Un rayon de soleil la frappe au visage.

— Zut ! J’ai oublié de fermer les volets.

Un regard au réveil la fait grogner :

— Six heures ! Qu’est-ce que vous voulez que je fasse à six heures ? De sa chambre, elle entend la télévision du salon. Il est réveillé, ou plus sûrement assoupi devant une série américaine qu’il écoute à plein tube, car il devient sourd. Trop tôt pour aller se préparer un bon petit déjeuner… moment privilégié. Elle devra attendre qu’il s’extraie du sofa pour aller prendre une douche avant de sortir au jardin, bêcher son potager, enlever les mauvaises herbes… enfin toute activité qui, selon lui, justifiera le soupir épuisé en rentrant et le désintérêt total pour toute tâche utile jusqu’au lendemain.

Elle se lève, ouvre grand la fenêtre pour mieux entendre le merle qui s’en donne à cœur joie et pour respirer l’haleine du jardin. Le printemps envahit la petite chambre et elle se glisse à nouveau dans son lit encore tiède de sa courte nuit. Elle regarde avec satisfaction les murs défraîchis, les meubles dans lesquels elle a vécu enfant, les tableaux assez médiocres qui venaient de chez sa grand-mère, l’étagère où reposent ses livres préférés… et elle n’entend plus la télé, blottie dans ce cocon utérin qui la protège encore pour de trop courts instants.

Cela l’énerve au plus haut point quand ses enfants lui répètent légèrement envieux : « Maintenant en fait vous êtes toujours en vacances. » Eh bien, mes petits, pour être en vacances, encore faut-il également parfois ne pas être en vacances. Pas de vacances pour le chômeur ou le retraité, simplement de longues heures sans rythme, sans règle.

Lui, et elle le comprend, il s’est inventé un rythme, des règles : deux ou trois heures de bricolage-jardinage par jour, le déjeuner, copieux et gras, la sieste, le dîner gras et copieux et la télé pendant des heures, télécommande en main et toujours des programmes qu’elle trouve nuls. Le dimanche, on ne travaille pas. Grâce au ciel, au moins trois après-midi par semaine, la sieste-télé est sacrifiée au profit de la pétanque ou de parties de belote avec les copains. Pas question pour elle de rentrer dans ce système… cela doit être son côté « j’ai fait mai soixante-huit, moi, Madame ! ». La retraite ne devrait pas signifier des vacances infinies, mais une autre forme de liberté. Les vacances, elle en a de grands souvenirs, mais elles étaient rythmées, réglées : repas, pique-niques, plage, courses, lavage, ménage, Monopoly… maintenant, elle refuse d’obéir aux règles. Elle a retiré sa montre, ne sait plus la date ou même le jour de la semaine, elle mange quand elle a faim et le dimanche… pas de pétanque ni de belote, alors elle s’enferme dans sa chambre.

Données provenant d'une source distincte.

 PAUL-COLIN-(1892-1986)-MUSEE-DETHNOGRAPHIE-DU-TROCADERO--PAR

Elle entend ses chaussons traîner dans le couloir et immédiatement elle se lève, tirée du lit par la pensée de ce bon café, ces tartines chaudes devant son émission préférée de jardinage, dont le présentateur bon-enfant l’entraîne dans des propriétés de rêve où des pergolas dégoulinent de roses, où des étangs reflètent des arbres centenaires ou dans de vieilles et vénérables maisons absolument romanesques.

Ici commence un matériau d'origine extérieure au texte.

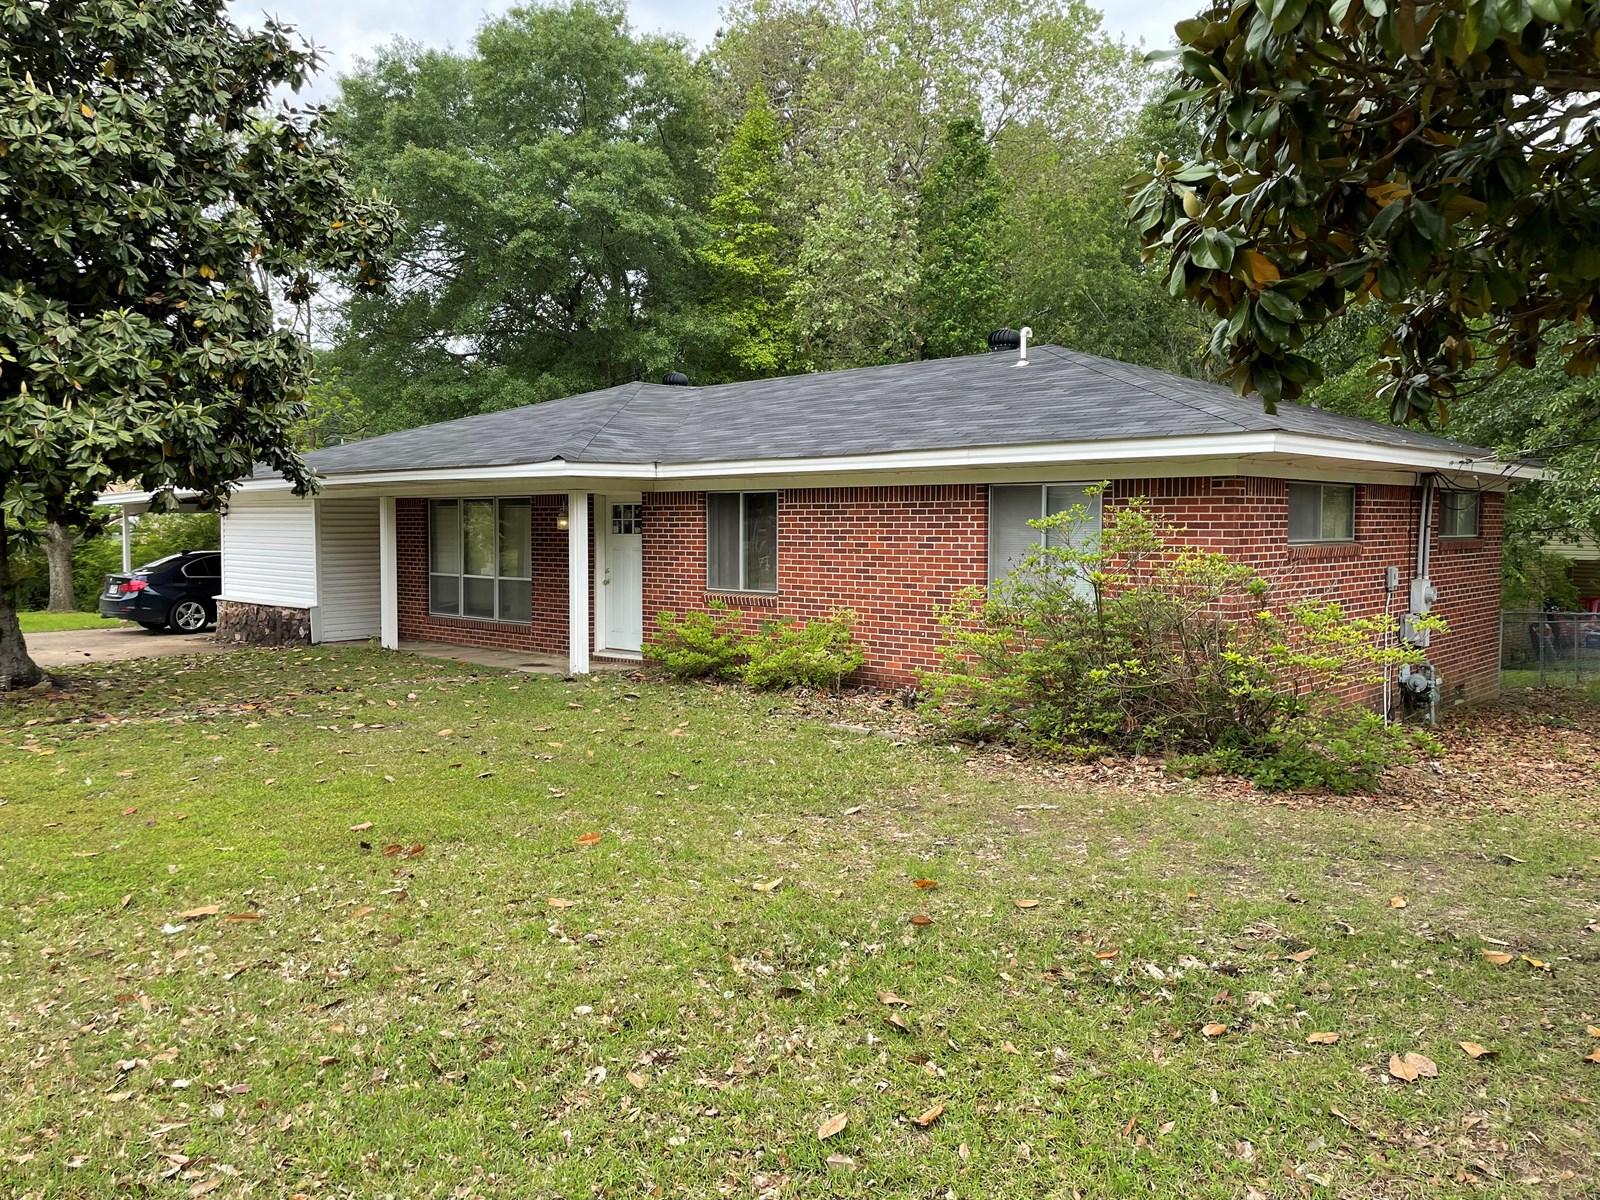 4 Bedroom Brick Home in Arkadelphia, Arkansas

— Ils pourraient de temps en temps nous montrer des pavillons ! C’est bien joli ces maisons et ces grands jardins vallonnés, mais nous on a 500 mètres de jardin avec vue imprenable sur la nationale, le gazon artificiel du voisin et son barbecue monumental… Enfin… faut bien rêver ! Le rêve… c’est ce qui lui reste… la solitude et le rêve. Elle s’est inventée, comme le font les enfants, des amis invisibles avec lesquels elle a de longues conversations, souvent intéressantes, parfois affectueuses.

Bien sûr, ses enfants sont gentils, ils lui téléphonent souvent et l’assomment de conseils qui ne lui servent à rien.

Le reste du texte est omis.